Back in February, Timothy Lane, a deputy governor of the Bank of Canada, stressed that Canada had no need for a state-backed digital currency, but that it would develop one anyway, should the need arise.
Now, Lane has suggested that the need may be arising sooner than the Bank expected.
“While we don’t know what the future may bring,” said Lane at a FinTech conference in February, “we need to move forward to work out what a potential CBDC might look like and how it could be managed, if the decision were ever taken to issue one.”
At that conference, he outlined two scenarios that could potentially prompt Canada’s government to issue the CBDC they’ve been workshopping. The first has to do with physical cash being phased out of Canadian society, creating a new kind of economic disparity, and the second involved cryptocurrencies (or digital currencies controlled by private companies) becoming too popular, creating privacy concerns, or otherwise threatening Canada’s national currency. Economic research from the New York Federal Reserve has supported the idea that CBDCs would be a more private alternative to big tech-controlled digital currencies, like Libra.
In a new interview, Lane has said that the first precondition could be met sooner than he initially thought.
“In February, we identified two scenarios that we would want to be prepared for,” he told the Centre for International Governance Innovation, a Canadian think tank. “I would say that in the last nine months we’ve seen developments that look like they’re in the direction of some of those things coming to pass sooner than expected.”
He focused mostly on the first of the two scenarios, saying that the pandemic has made Canadians less inclined to use cash; as for whether this development may outlast COVID-19, Lane isn’t sure: “How much of that is temporary, just associated with the pandemic, and how much of it is the start of a new trend, I think, remains to be seen, but certainly that’s something we’re watching very closely.”

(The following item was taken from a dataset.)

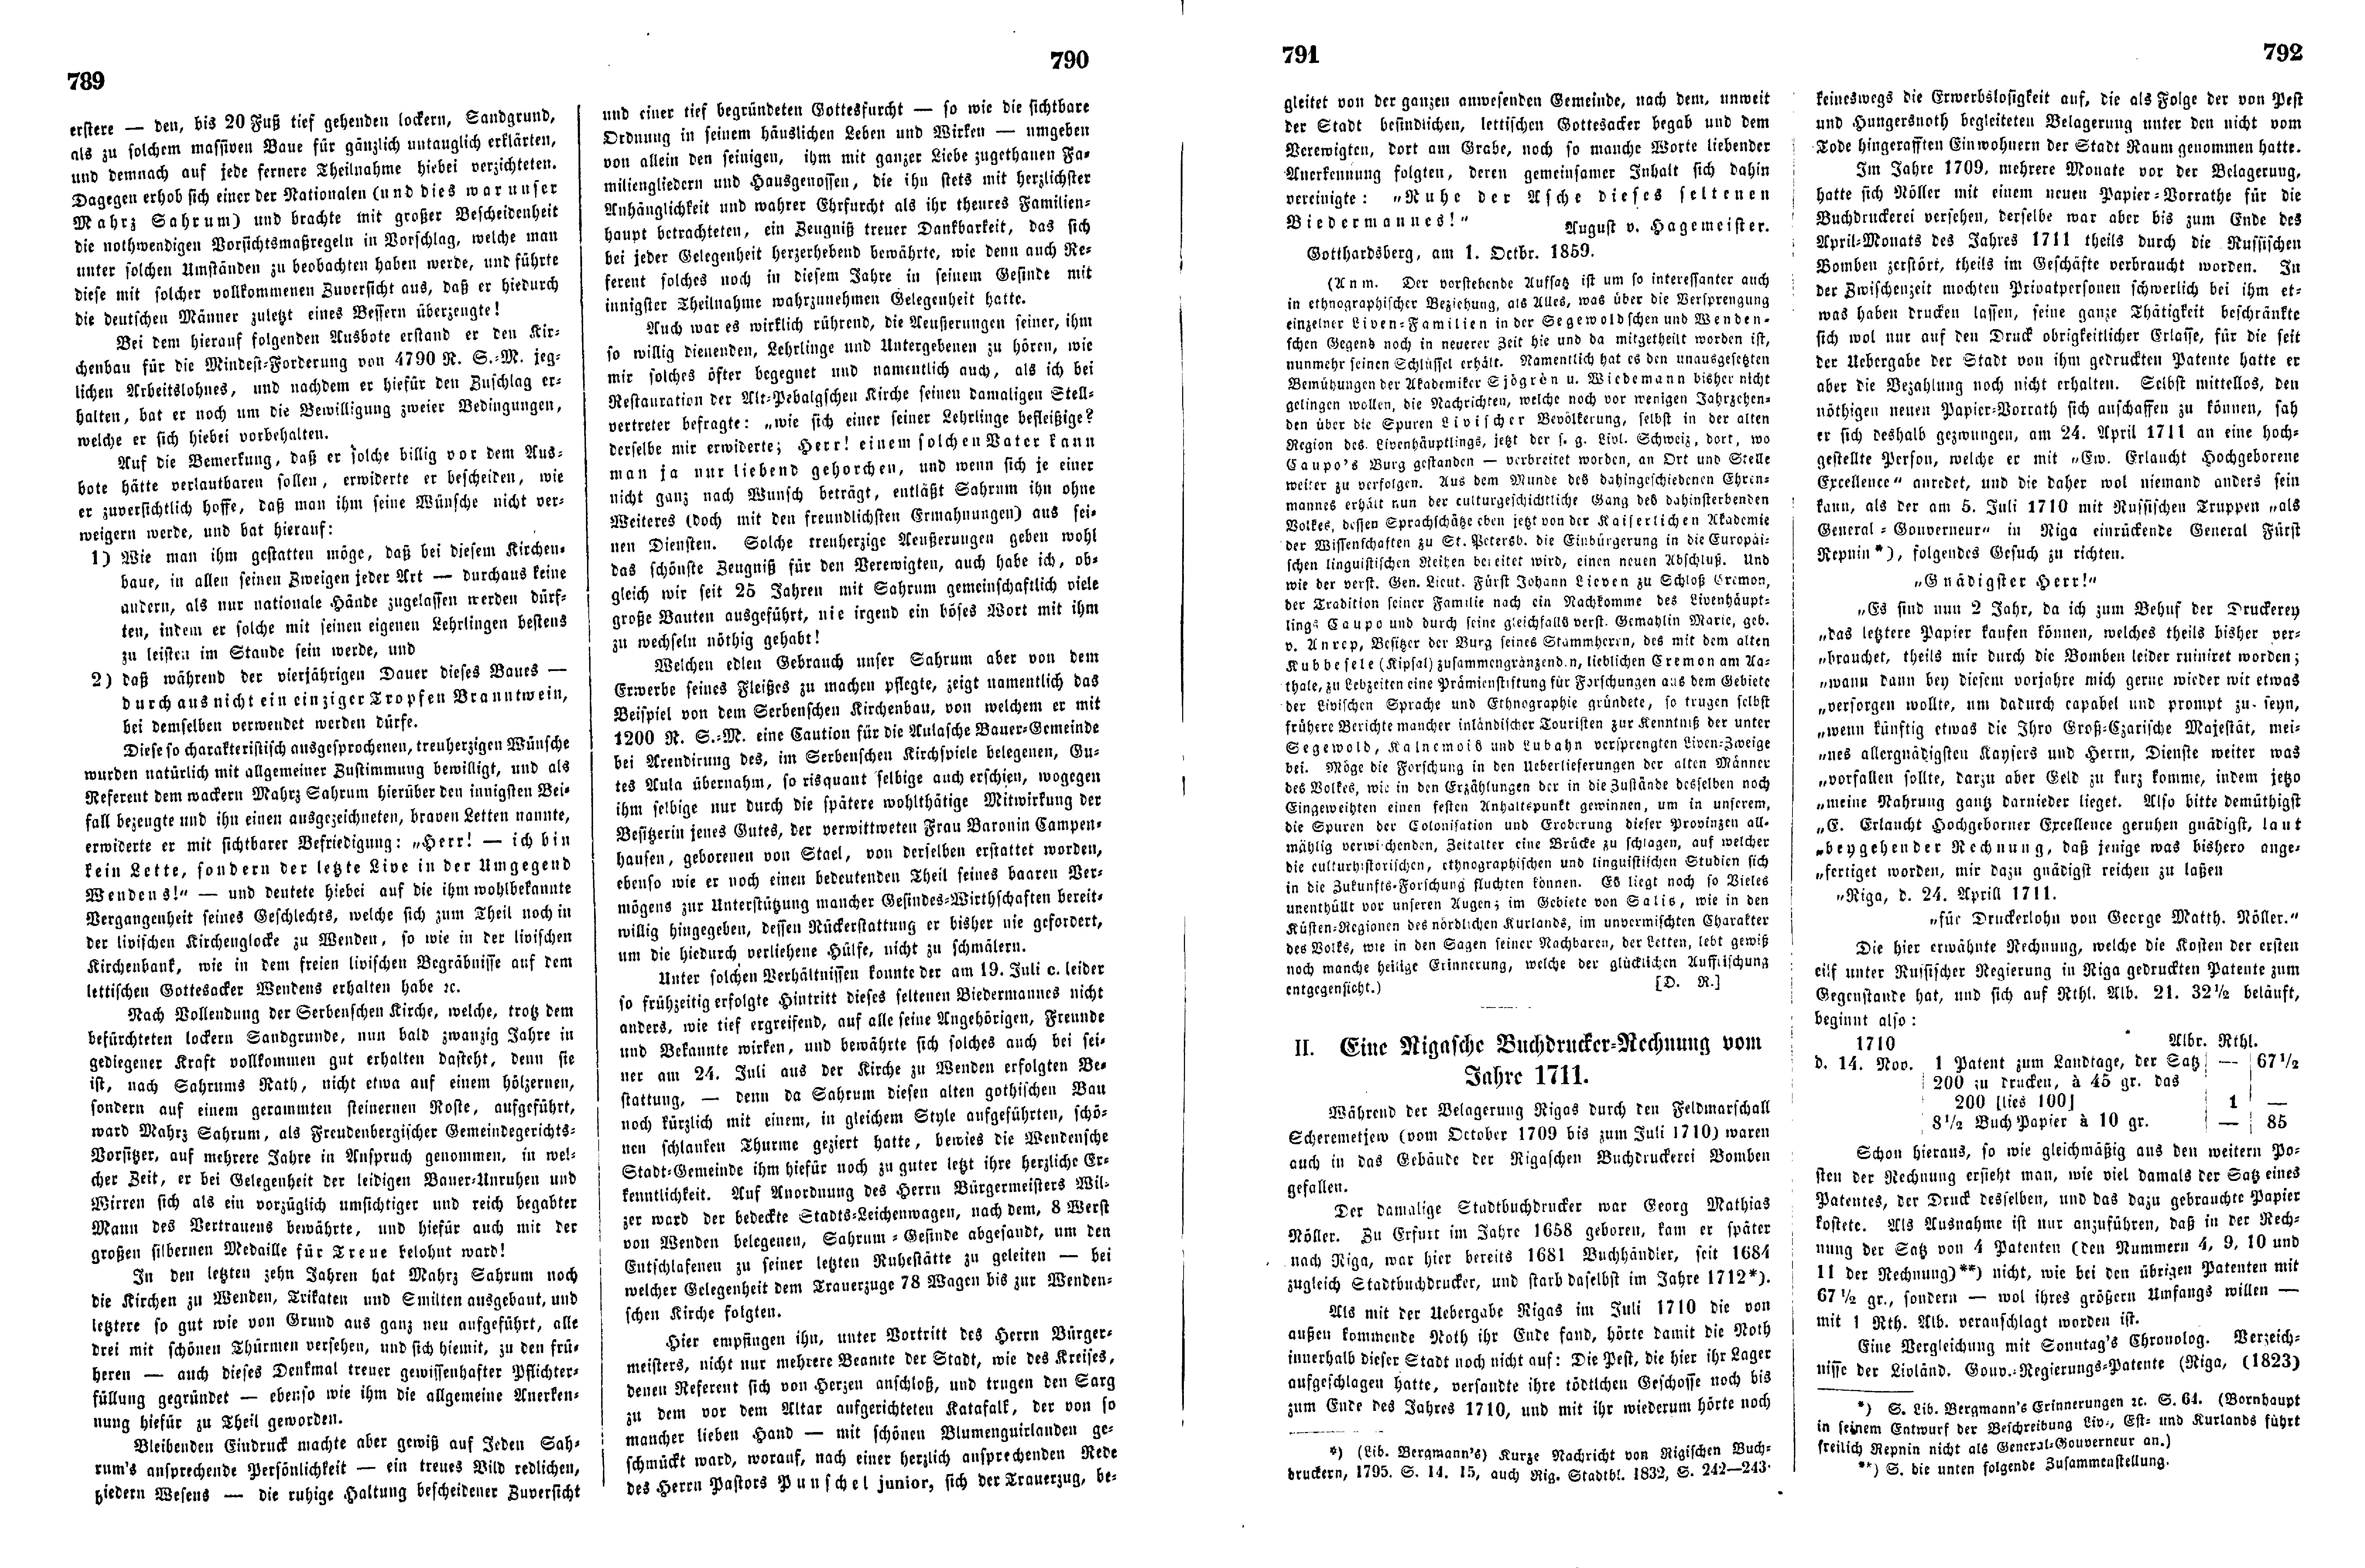 Mahrs Sahrum, der letzte Live in der Umgegend Wenden's (1859) | 2. (789-792) Main body of text

It’s by no means conclusive, but the comment suggests that Canada’s national bank is at least taking a hard look at the CBDC plan it put forward in February.
“There’s a sense [that] definitely things are moving ahead more quickly,” he added. “Although we don’t know how long they’re going to persist, it’s more urgent for us to make sure that we’re ready if we have to be ready. So, our work definitely has to move forward.”
Lane is certainly not alone in asking how long these economic aftershocks are going to persist—luckily for him, the bank’s CBDC contingency plan is still very much in place.